In 1987 the California Corporations Code was amended to permit the
Articles of Incorporation to contain this provision.  Amendment No. 2
provides for addition of the provision that would eliminate or limit the
personal liability (except for violation of federal securities laws or
federal law generally) of directors for money damages.  This Amendment
No. 2 is effective only for acts committed after the amendment is
approved by the required vote of the shareholders and the board of
directors of the Company.  Amendment No.2 is as follows:

Article SIXTH as set forth herein shall be added to the Articles of
Incorporation as follows:


SIXTH:     The liability (except for violation of any federal
securities laws or federal law generally) of the directors of
the corporation for monetary damages shall be eliminated to
the fullest extent permissible under California law.  This
Article SIXTH is effective only for acts committed after this
amendment is approved by the required vote of the
shareholders and the board of directors of this corporation.

This provision of eliminating or limiting the personal liability
for money damages for directors, does not extend to director acts that
are: (i) covered under Section 310 of the California Corporations Code
(i.e. contracts in which director has a material financial interest);
(ii) intentional misconduct; (iii) believed  to be against the best
interest of the corporation or its shareholders; (iv) involved in the
absence of good faith; (v) transactions where director derived an
improper benefit; (vi) a reckless disregard for the director's duty to
the corporation or its shareholders in circumstances where the director
was aware of a risk of serious injury to the corporation or its
shareholders; (vii) an abdication of the director's duty to the
corporation or its shareholders; (viii) covered under Section 316 of the
California Corporations Code (i.e. corporate actions subjecting directors
to joint and several liability).

The Board of directors believes that Amendment No. 2  is necessary
in order to attract qualified individuals to serve on the board of
directors.

The positive effect of the adoption of Amendment No. 2 for Auto-
Graphics' shareholders is that it will attract qualified individuals to
serve on the board of directors.  At the present time other California
corporations have this provision in their Articles of Incorporation and
Auto-Graphics is competing with these corporations for qualified
individuals to serve on their board of directors.  Thus, this amendment
will allow Auto-Graphics to compete equally with other California
corporations to attract qualified individuals to serve on its board of
directors.

The board of directors does not believe there is any negative
effect to the adoption of Amendment No. 2 for the Auto-Graphics'
shareholders, because the benefit of attracting qualified individuals to
serve on the board of directors greatly outweighs any potential increased
costs to the Company.

The affirmative vote of holders of a majority of the shares of
common stock cast in person or by proxy at the meeting is required for
approval of Amendment No. 2 of the Articles.
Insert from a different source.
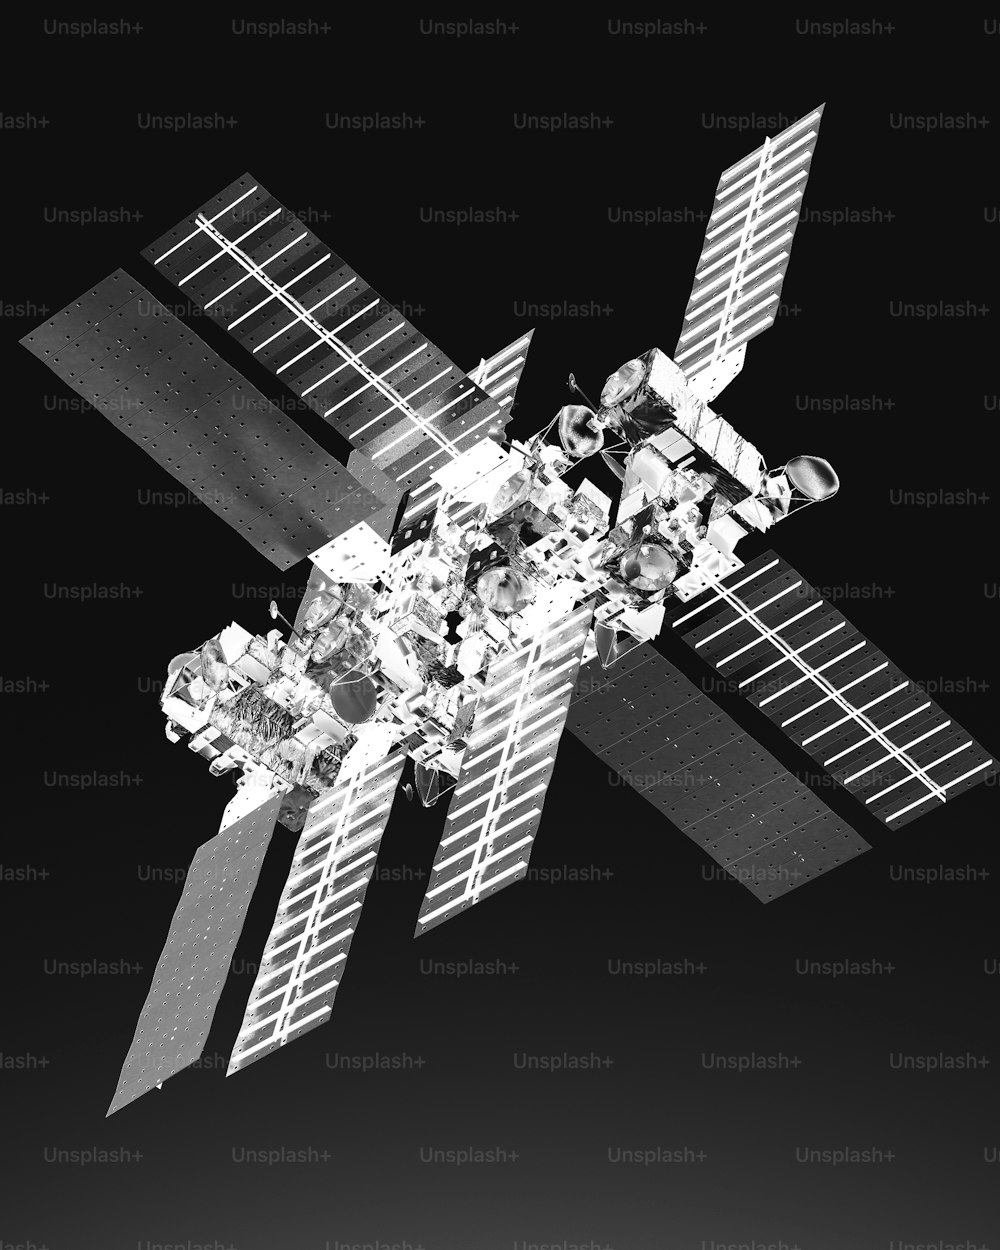 Une photo en noir et blanc d’un satellite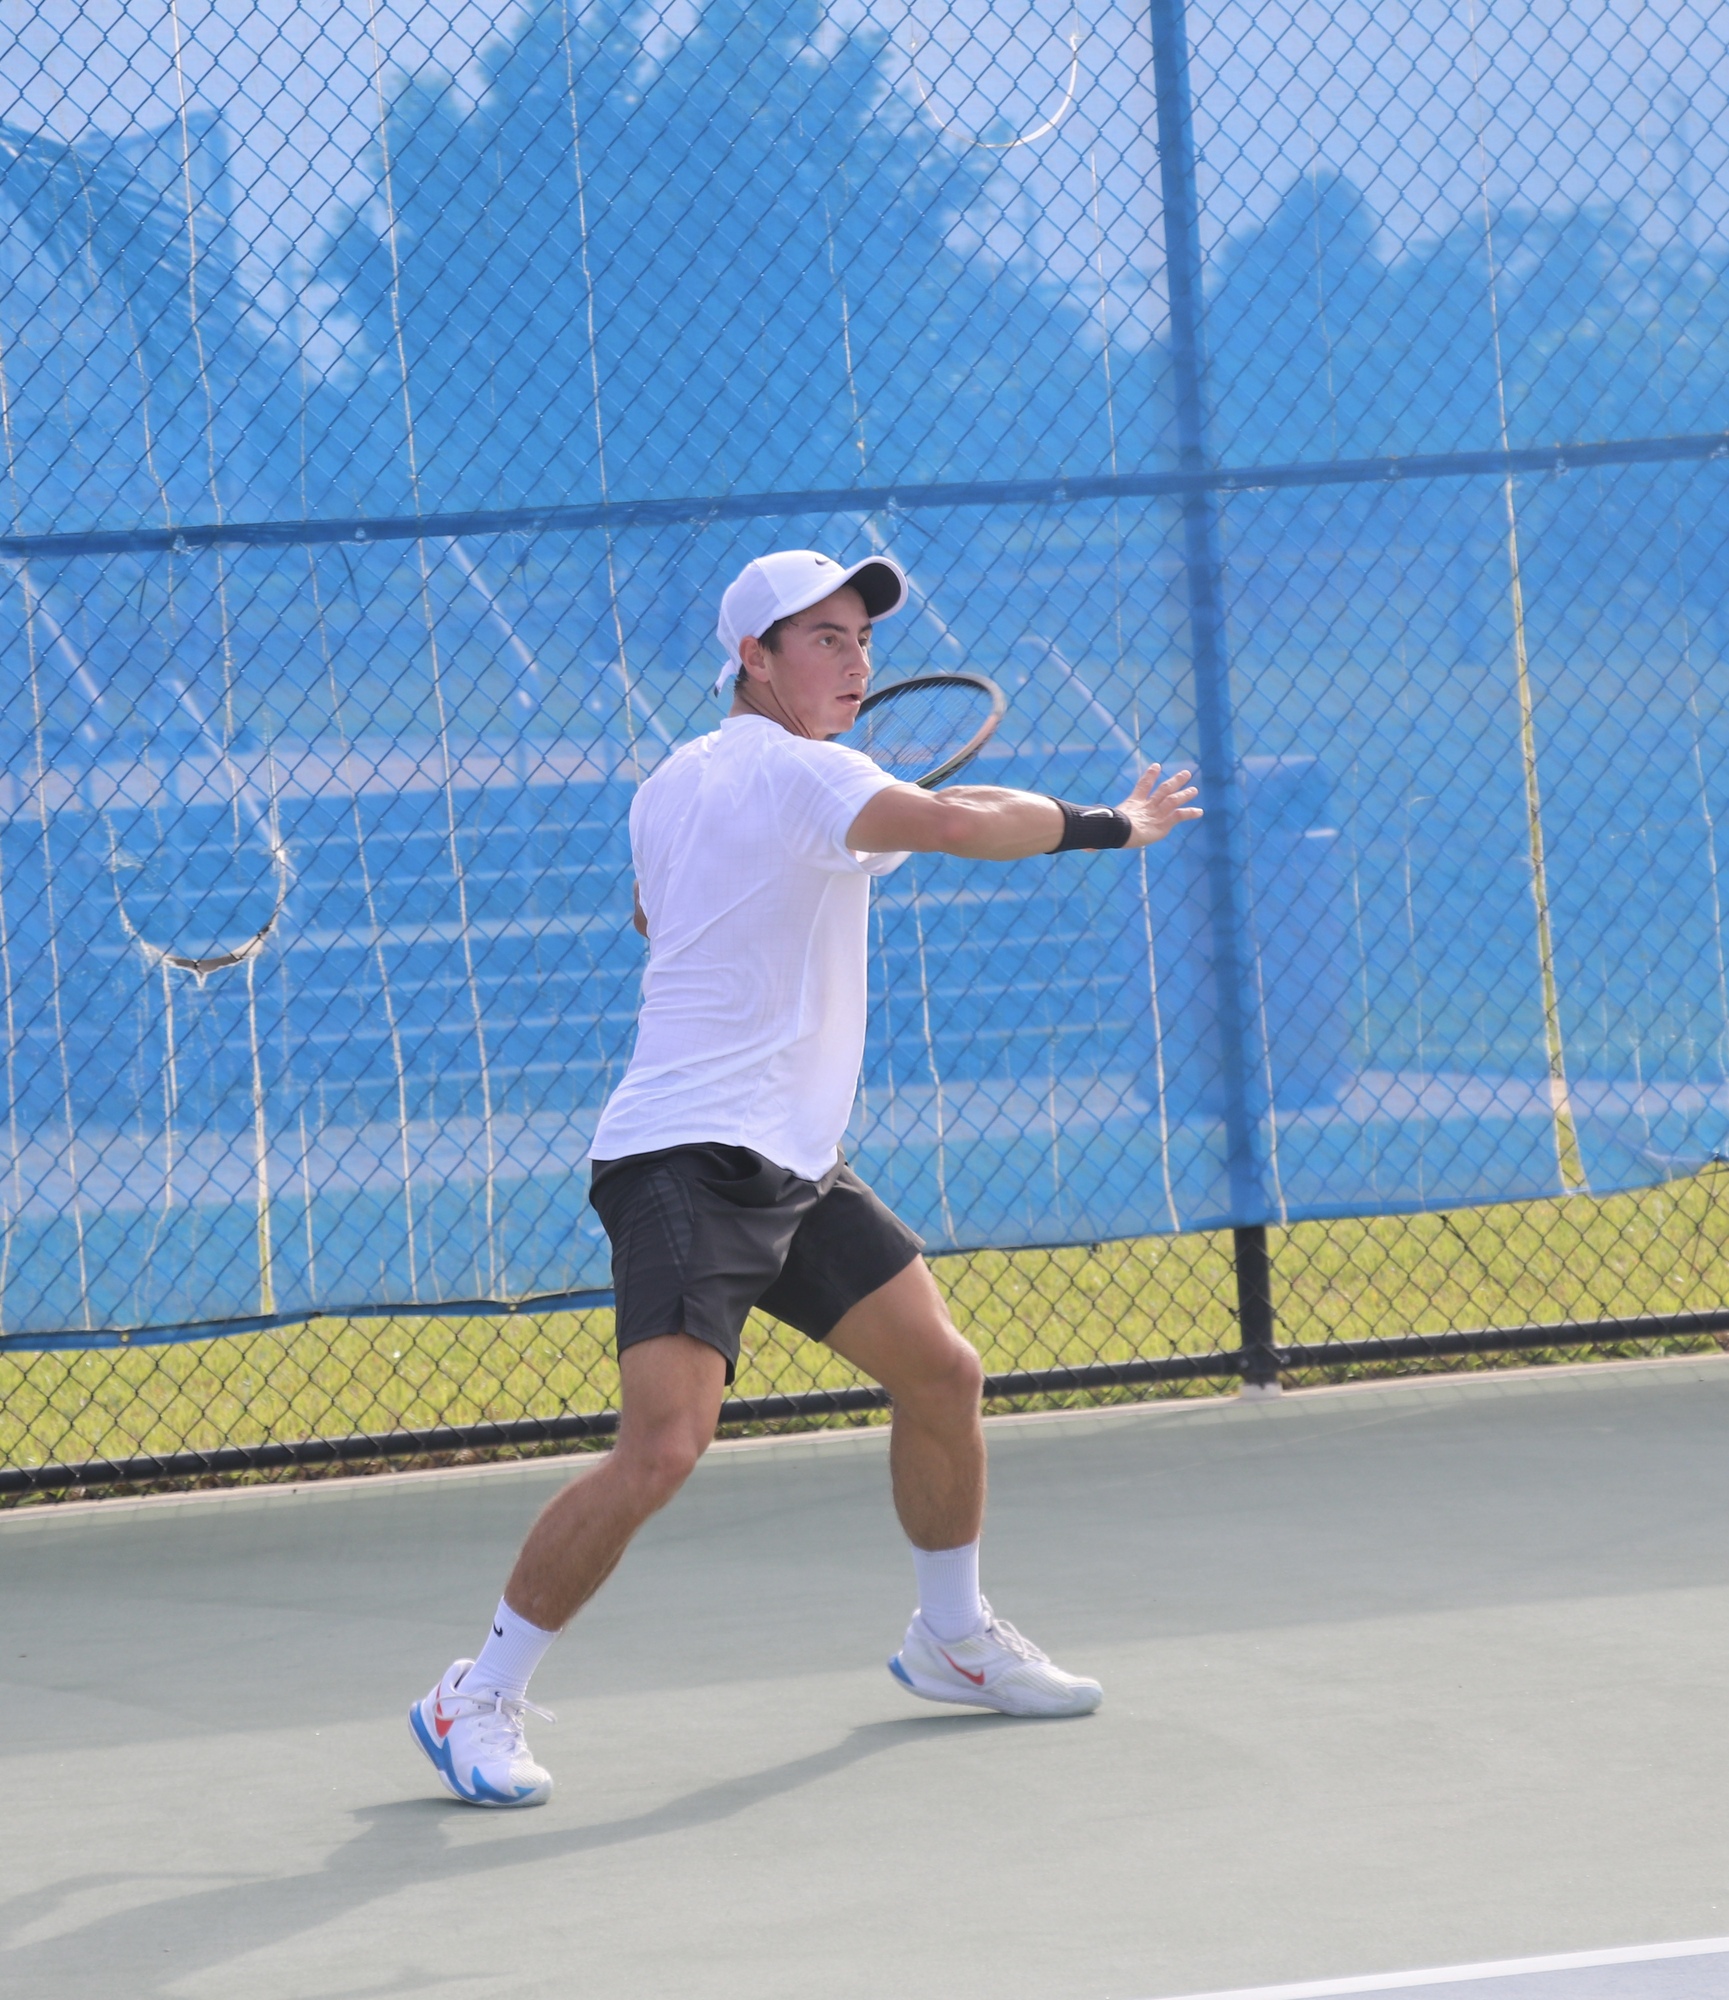 Luis P. teaches tennis lessons in West Palm Beach, FL

THE BOARD OF DIRECTORS RECOMMENDS A VOTE FOR THE ADOPTION OF AMENDMENT
NO. 2 TO THE ARTICLES OF INCORPORATION.

5.     PROPOSAL FOR APPROVAL TO AMEND THE BY-LAWS


At the meeting, the shareholders will be requested to approve the
amendment ("Amendment") to the Auto-Graphics, Inc. Bylaws ("Bylaws").
The Amendment to the Bylaws provides that the authorized number of
directors shall not be less than three (3) nor more than five (5), with
the current number to be three (3) directors until changed by an
amendment adopted by the board of directors or the shareholders.  The
board recommends approval of the Amendment to the Bylaws.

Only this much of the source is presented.